Pulmonary vein thrombi;Paroxysmal atrial fibrillation;64-MDCT;Chest pain;Elderly patients
Atrial fibrillation is a serious clinical problem, which is associated with systemic thrombosis such as cerebral infarction. Pulmonary vein myocardium promotes and maintains atrial fibrillation. Catheter ablation is done to cure atrial fibrillation to cut down the current flow from pulmonary vein myocardium.
Although pulmonary vein thrombi (PVT) are thought to be a rare complication of certain tumors of the lung [1], lobectomy, bilobectomy, lung transplantation [2] or radiofrequency ablation for atrial fibrillation [3], I have reported several cases in patients without such conditions, which represent that PVT are not rare in patients without such conditions [4] ; [5]. Recently, I have reported 61% of 57 elderly patients with chest pain [6], indicating PVT may be common in elderly patients with chest pain. I have reported them using 64-slice multidetector CT (64-MDCT), indicating 64-MDCT is a useful tool to diagnose PVT.

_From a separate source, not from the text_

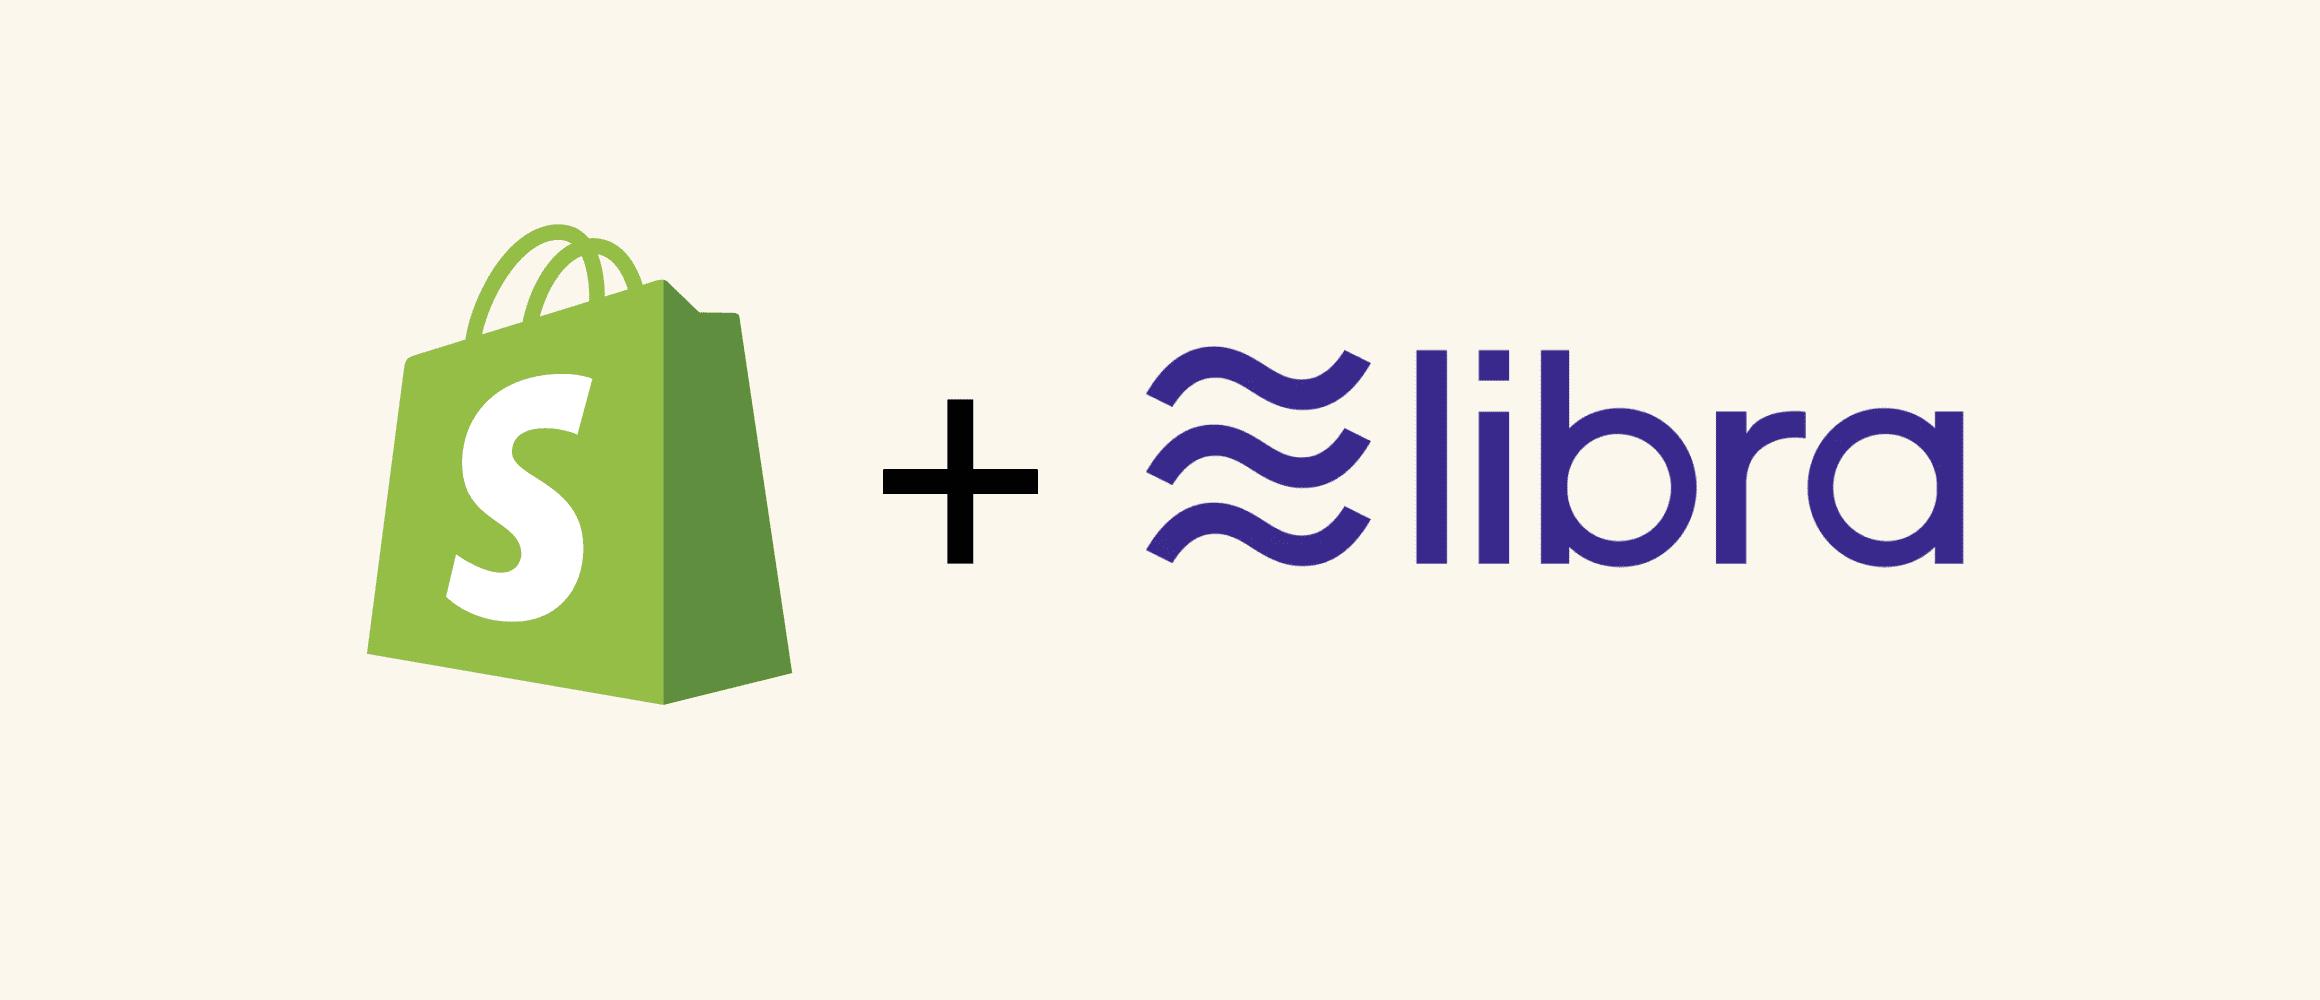 Shopify Artık Libra Birliği Üyesi

Presently, the relationship between PVT and atrial fibrillation remains unknown. In this paper, I show a patient with paroxysmal atrial fibrillation (PAF) that had PVT, for the first time.
The patient was a 78 year-old-male with hyperlipidemia and PAF. He had been treated with bezafibrate (100 mg 2T bid), but no previous treatment with warfarin or new oral anticoagulants (NOAC) had been performed. The electrocardiogram (ECG) showed normal sinus rhythm, normal axis and normal heart rate (74 beats/min). Serum D-dimer level was < 0.5 μg/ml (normal; < 1.0 μg/ml), the activity of protein S was 124% (normal; 60–150%), and the activity of protein C was 72% (normal; 64–146%). The patient had no symptoms of lung cancer or cerebral infarction. The patient had no lung surgery or catheter ablation. 64-MDCT was performed for the evaluation of chest pain. 64-MDCT illustrated no coronary artery stenosis, but illustrated thrombi in the lower branch of the left upper pulmonary vein (LUPV) (Fig. 1; coronal and Fig. 2; sagittal) as the defect of contrast enhancements. After three month dabigatran therapy, PVT did not dissolve significantly.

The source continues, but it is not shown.